What the task requires: Produce a word-for-word copy of the listing below without its pictures.

Input data:
==============================

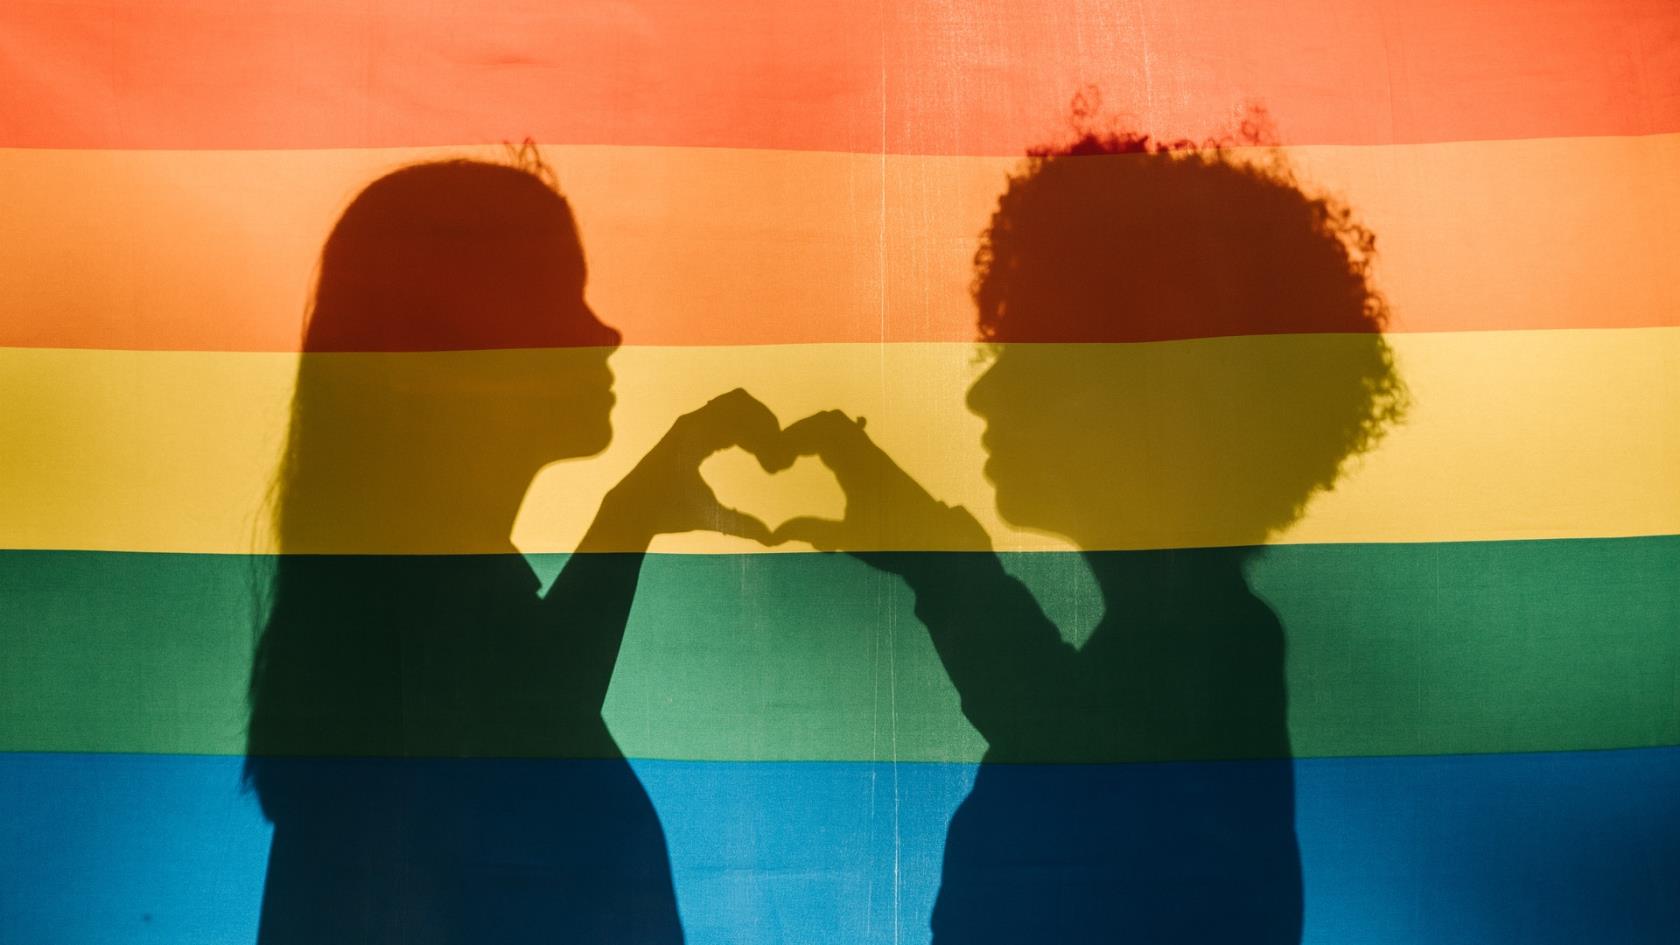 Bakom en halvt genomskinlig regnbågsflagga syns silhuetten av ett par som gör hjärt-tecken med sina händer.
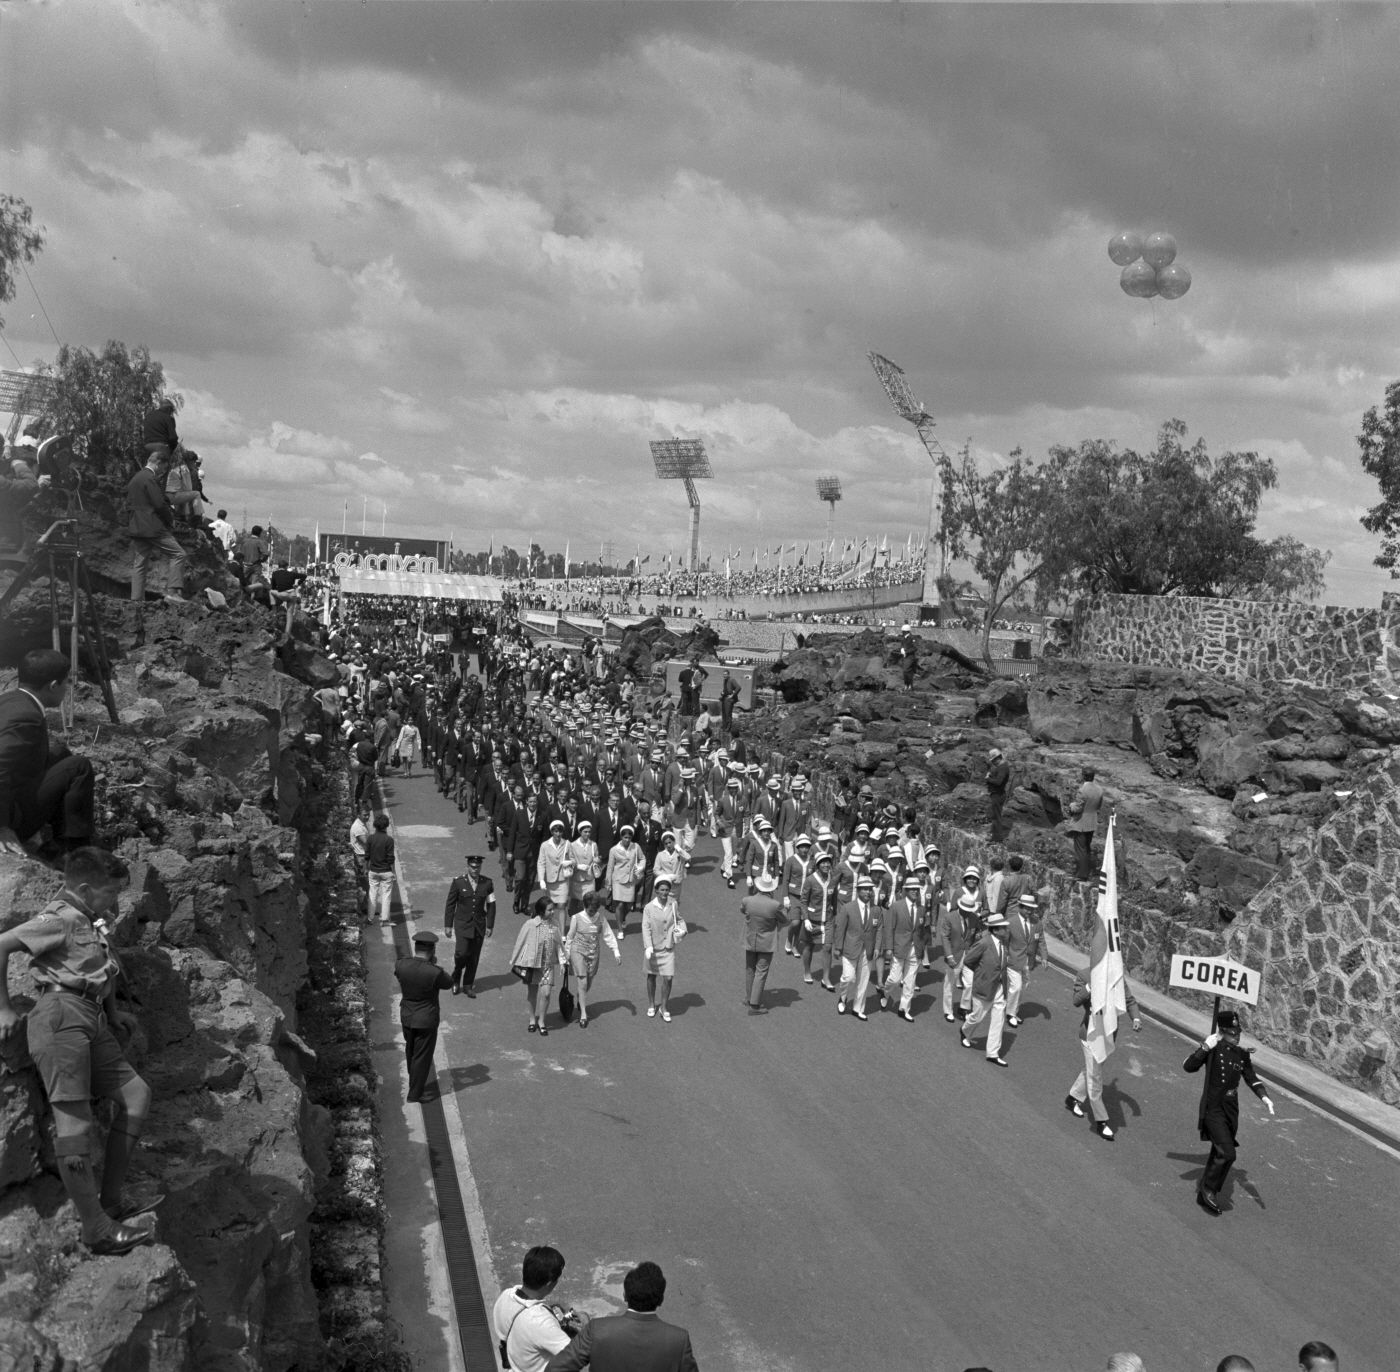 제19회 멕시코 하계올림픽대회 개회식
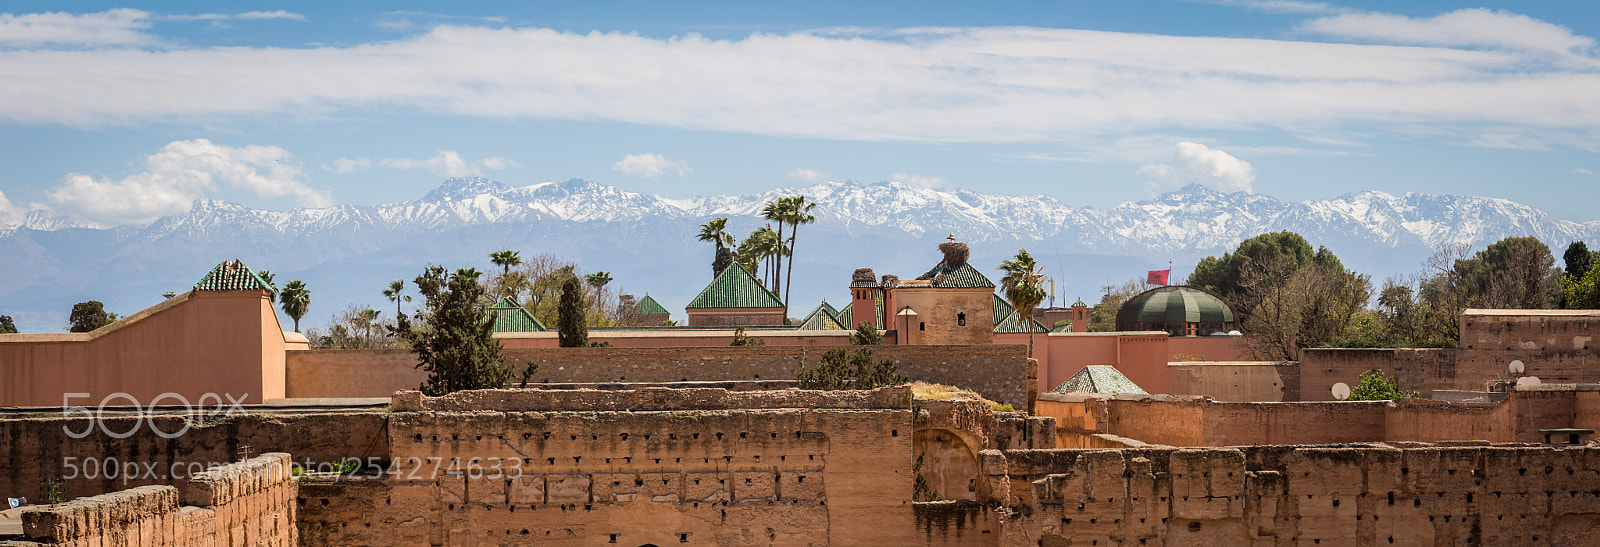 Canon EOS 700D (EOS Rebel T5i / EOS Kiss X7i) sample photo. Panorama sur l'atlas, marrakech photography

==============================

Reply to the task:
 Bakom en halvt genomskinlig regnbågsflagga syns silhuetten av ett par som gör hjärt-tecken med sina händer.
 제19회 멕시코 하계올림픽대회 개회식
 Canon EOS 700D (EOS Rebel T5i / EOS Kiss X7i) sample photo. Panorama sur l'atlas, marrakech photography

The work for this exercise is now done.